PENSACOLA, Fla. (WMBB) — President Donald Trump can’t sue a journalist for publishing audio recordings of interviews with him because he is a government employee and his words are owned by the American people.
That’s one of the arguments made by attorneys for Bob Woodward, a Pulitzer Prize-winning newspaper reporter, who has written books about American presidents since Richard Nixon. He has also interviewed presidents Jimmy Carter, Bill Clinton, George W. Bush, and Barack Obama, while they were in office.
For his book, Rage, Woodward interviewed Trump 19 times. Then, after publishing a book and an audiobook based on the interviews with the 45th President and others inside his administration Trump filed a civil suit in Pensacola. Trump’s team argues that he is owed at least $49 million, plus millions more in damages because Woodward violated a verbal agreement that the interviews would only be published as a book and in no other form.
In a motion to dismiss filed this week, Woodward’s team argues that the case should be thrown out for a host of reasons. One of their main arguments is that President Trump granted the interviews while serving the country.
“The work product of government representatives—including the President—is common property that exists to benefit the public, not an emolument to be exploited for personal gain,” the motion states. “In sum, President Trump’s contributions to the interviews for “the historical record” are government works that copyright law bars him from owning in a personal capacity.”
While the men did agree that Woodward would not publish the interviews in a newspaper, and would instead save them for a book, they did not agree on any limitations on the final form of the work, the motion states. Trump himself understood the agreement, the motion argues.
“President Trump acknowledged his lack of control: ‘Ugh. And in the end, you’ll probably write a lousy book. What can I say? I respect you as an author,'” the motion states. “TRUMP: ‘You’re probably going to screw me. Because, you know, that’s the way it goes.'”
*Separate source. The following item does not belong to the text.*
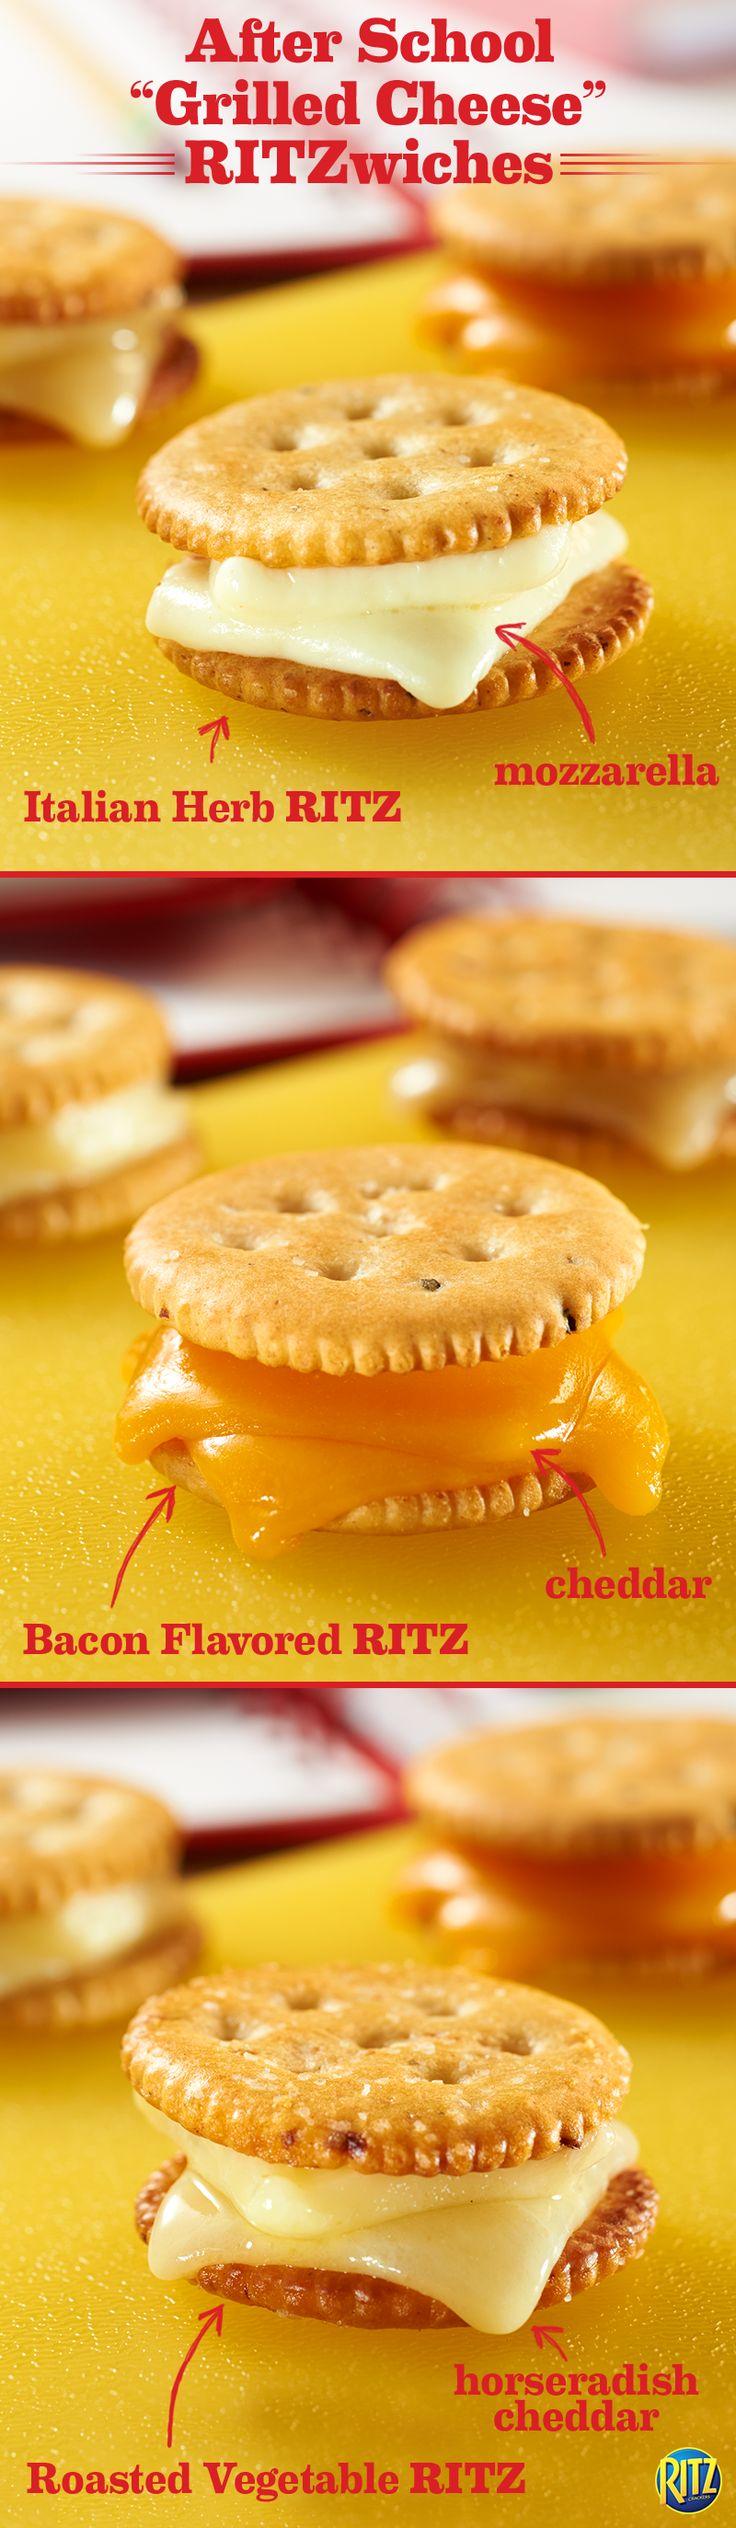 Mozzarella clipart cracker cheese

They also argue that American copyright law grants the copyright to the journalist in every instance and not to interview subjects. The book contains much more than Trump’s interviews, it also contains interviews with others and commentary by Woodward.
They add that one of the most important interviews in “Rage” “wasn’t with Trump” but with National Security Adviser Robert O’Brien and Deputy National Security Advisor Matthew Pottinger.
“Those interviews revealed that O’Brien and Pottinger gave a “stark, dramatic warning” very early in the pandemic about the dangers of the coronavirus,” the motion states. “Woodward then documents how President Trump largely ignored these warnings—at great cost to human life—by reviewing inculpatory statements President Trump made in the interviews and elsewhere.”
If Trump is granted copyright over interviews he gave while in office the negative impact would be substantial, the motion states.
“Copyright equates to legal control over expression and requiring journalists to negotiate authorship rights away from interviewees, particularly public officials, would invite contractual censorship of criticism and chill open discourse,” Woodward’s attorneys wrote. “Any decision granting President Trump private ownership of his statements to the press as President would stymie discussion of his place in American history and contradict the long tradition of opening up a President’s words to public scrutiny.”